Major hospitals in Montana say their patient-to-nurse ratios and vacancy rate for nursing positions are below national norms - although they acknowledge a shortage of skilled nurses.

Just last month, Billings Clinic, which employs 900 nurses, was named by the American Nurses Association as a “magnet" hospital because of its good record of recruiting and keeping nurses.

Steve Akre, chief medical officer at the Great Falls Clinic, which is part-owner of a small surgical center, says some hospitals listen less to physicians about spending on patient care and pay more attention to the bottom line.

“It all boils down to leadership," he says. “A hospital where the leadership values physician input, there's a potential for that to work just fine."

The clinic is involved in a legal dispute with Benefis Healthcare, which has sued to block clinic ownership of a small, specialty hospital in Great Falls.
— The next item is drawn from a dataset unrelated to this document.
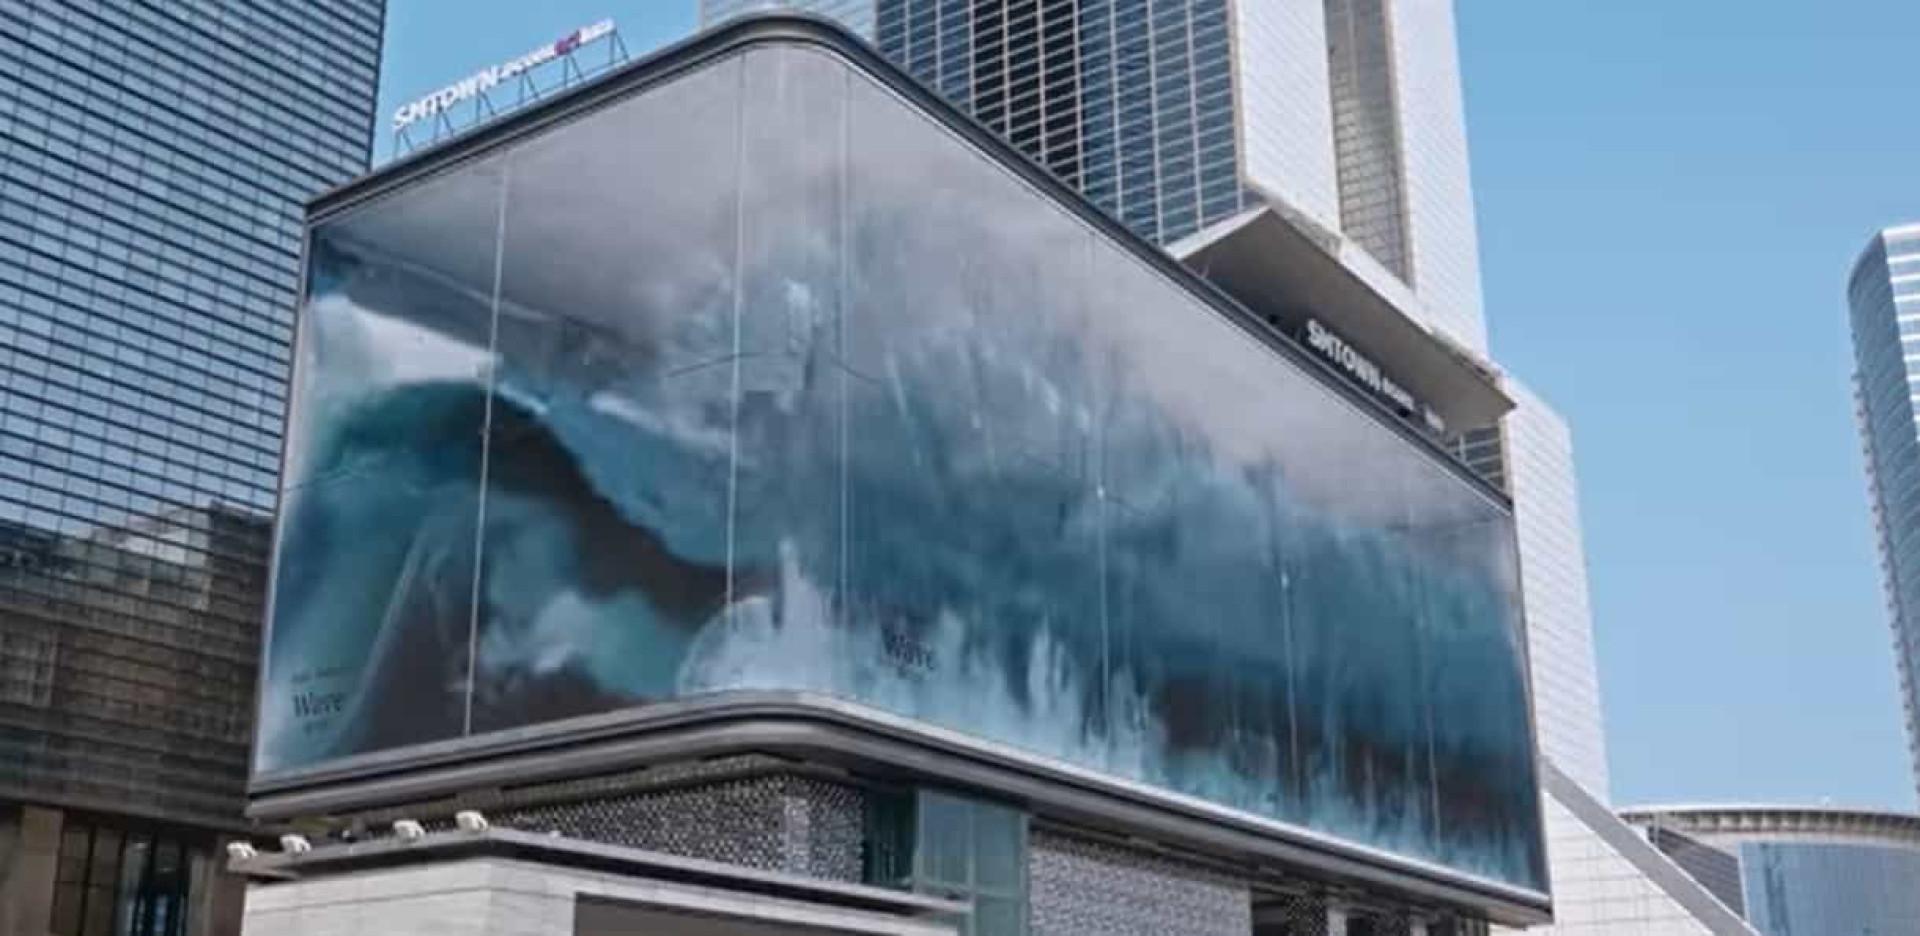 O oceano na cidade. Onda gigante 3D projetada em ecrãs LED em Seul

Benefis says the clinic wants to steer profitable patients to its own hospital; the clinic says it is trying to offer a less expensive, better alternative for less complicated surgeries.

Akre also notes that when major hospitals list their top specialties, they're often the same: cardiac care, surgery, orthopedics and cancer care, which are high-tech, high-cost and usually high-profit items.

“I understand the pressure from the public to have everything in every community," Akre says. “But it can't be afforded (everywhere)."

David Richhart, chief financial officer for Community Medical Center in Missoula, says insurance companies, physicians and patients play a role in creating demand for services at hospitals.

“Insurance companies like to be able to contract with a full-service hospital," he says. “That may force hospitals to compete when they don't really want to, because they don't want to lose out on patients."

Within the last year, Community took a hard look at whether to start offering heart surgery, which is a specialty of its cross-town competitor, St. Patrick Hospital.

The medical staff had concerns about creating too much duplication, so the hospital backed off, but it may reconsider in the future, Richhart said.

At the same time, St. Patrick is building a new obstetrics unit to offer baby delivery and pediatric care - which already is a leading specialty at Community Medical Center.

“There's an old saying that the most powerful tool in the hospital is the ordering pen of the physician," says Jim Oliverson, vice president of community relations for the Kalispell hospital.

For example, if 10 different orthopedic surgeons do knee replacements, each can order the knee from a different “vendor," and the hospital must stock that part - even if the cost is hundreds of dollars more expensive than a competing supplier.

In Kalispell, the hospital is trying to get physicians to standardize their supplier of certain surgical parts and/or drugs, to reduce the cost to the hospital and, ultimately, to consumers.

“We give reports to each doctor to show how efficient they are," says Stevens, the CEO at Kalispell Regional. “We're doing a pilot program where we are going to be very serious about controlling those costs. It might cost $2,000 more for a knee implant if you haven't standardized your vendor for knees."

Wolter, the only CEO at a large Montana hospital who is also a physician, says while hospitals are mammoth organizations with many parts, they are dedicated to controlling costs.

The size and structure of large hospitals can be helpful in that regard, he says, because they can coordinate good medical practices and reduce duplication of services in a community.

Billings Clinic is the product of a merger 13 years ago of Deaconess Hospital and the Billings Clinic. It employs more than 200 doctors, operates several clinics in the region and offers a wide range of care, from family doctors to the hospital.

“I believe there is a place for more coordination of care, more integration of care, along the lines of what we've done (at Billings Clinic)," he says. “If you're more organized, you can hold a group more accountable for the quality and cost of health care."

Billings Clinic also employs the administrators of several smaller hospitals in south-central Montana and northern Wyoming, and has some joint ventures with competitor St. Vincent.